And did I mention that time I beat the entire school at spelling? It was one of the proudest days of my life, beating out all the older kids, and all the other pip squeaks who were younger than me. And clearly not as good at spelling.
Then I went to high school, and because I was the youngest kid in my class, all the teachers automatically put me in the lower class and in the B teams of all the sports teams.
I cried almost every day.
I struggled with depression.
I retreated into my shell.
I had no real friends.
I self harmed.
I hated myself.
I wished I was dead almost every day.
Blah blah blah then I won awards doing advertising!
Oh awards! I loved them! Every time, there was a shortlist I’d scour the Campaign Brief headlines, looking to see if I’d made the cut. When I won, it was a great feeling. So happy, and overjoyed to share the news. It was so great to see everyone congratulating me for my work. Then the next award show would come, seemingly four days later.
When I didn’t win I spiralled into a depressive funk, questioning what was wrong with my ideas, what was wrong with the jury, why was I so shit. Then I’d see other people posting about their wins and get really pissed off and angry. So, then I’d do more work, and enter more awards.
But the thing was, my ideas were the same whether they won an award or not. I remember a recruiter once saying that an agency loved all my work, but didn’t think I’d won enough awards, so they wouldn’t hire me because of that.
I worked for an ECD who once said to me, “I don’t care if we lose every piece of business, as long as we win all the awards”. A different ECD asked us to take him through what work we were doing.
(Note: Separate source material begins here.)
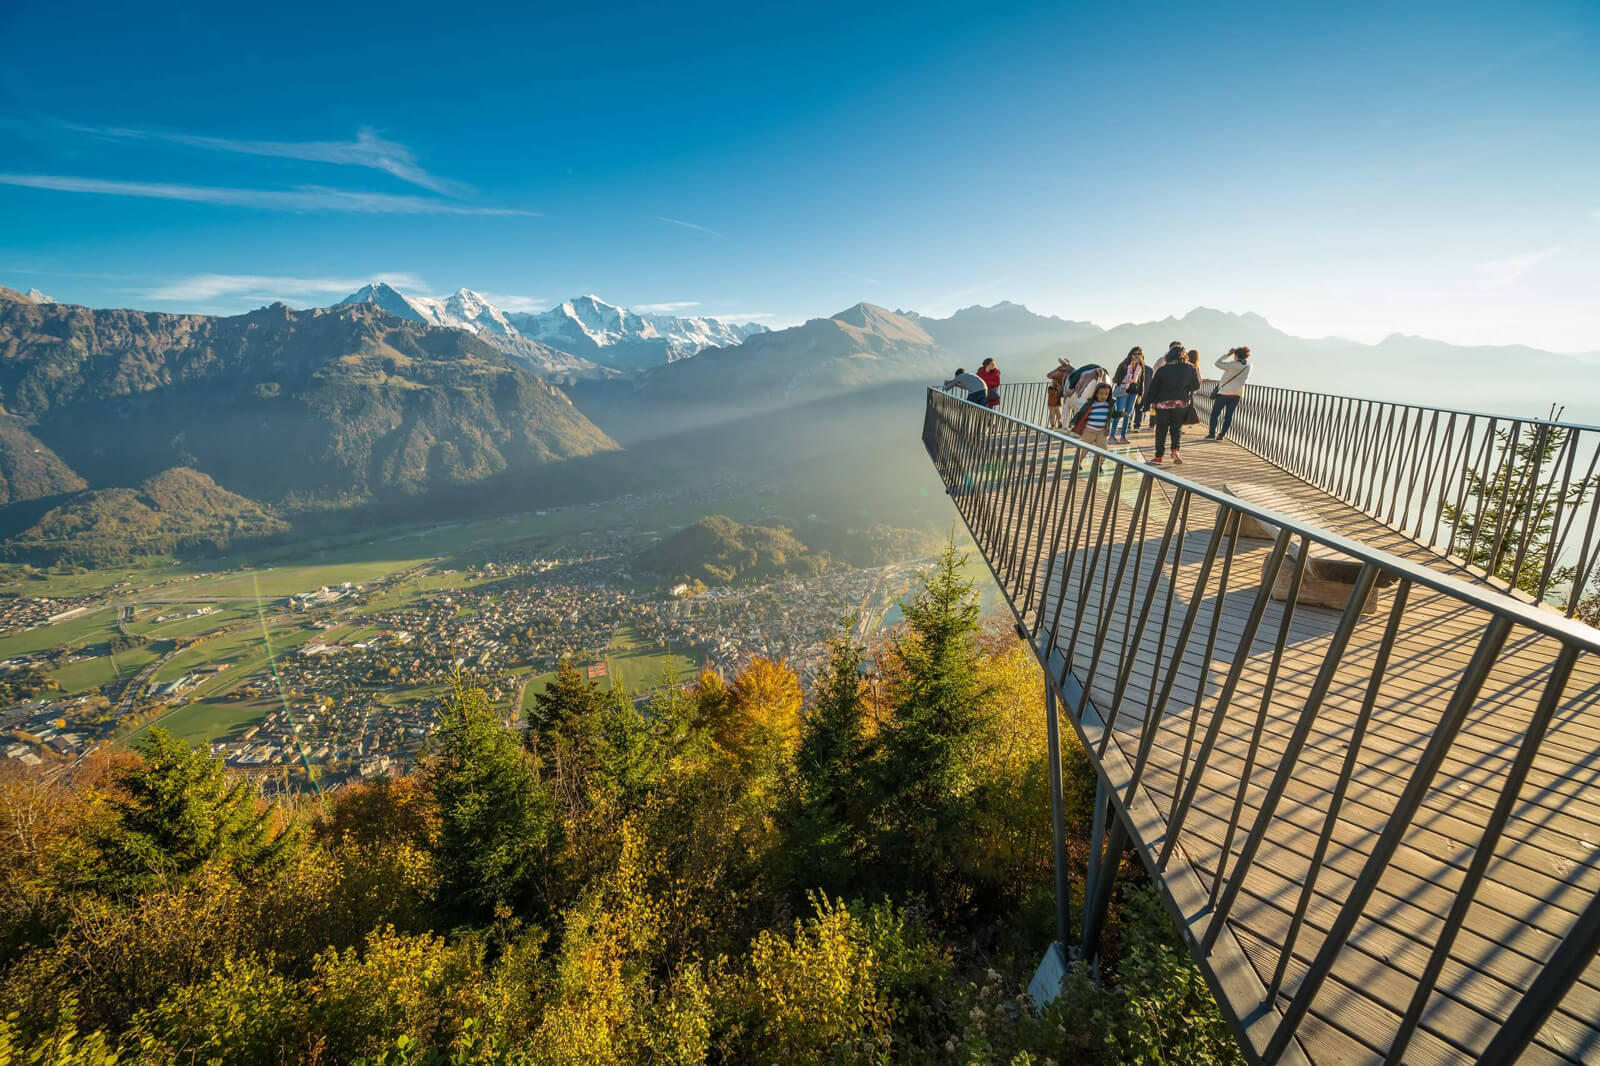 Reach the Harder Kulm viewing point at a height of 1,322 meters above sea level

We showed him the fully integrated campaign, the big TV ad in production, and the raft of digital, and after five minutes he stopped us and said, “No, no, no, what pro-active work are you doing for Cannes?”
Over the years, this competition that I was forced to be a part of started to lose its lustre. I wanted to be secure in my own skin. I wanted to raise children who only competed against themselves, and were always striving to make the world better than it was before. Just like my wife Sheridan had been saying for years.
I realised that just because some people I didn’t know in the south of France deigned to award me (or not award me) shouldn’t have any bearing on whether I liked what I did.
I realised that the first forty years of my life had been spent competing against people who didn’t even know or care about me. That this competition in my mind against the world was unhealthy and had warped what was truly important in life.
The only thing I was winning at, was being depressed, and angry, and sad. So much wasted brain space, and energy, poured into an un-winnable competition where I’d never actually be truly happy.
Always looking for that next hit. That next high.
Nothing was ever enough.
Now, I’ve stopped competing against other people. I just do stuff I want to do. And stopped entering awards. And began to concentrate on doing work that I believe truly makes a positive difference to the world. Not for awards, but because I believe in them.
The only competition I’m interested in now is in bettering myself. And I think I’m much less of a jerk than I used to be.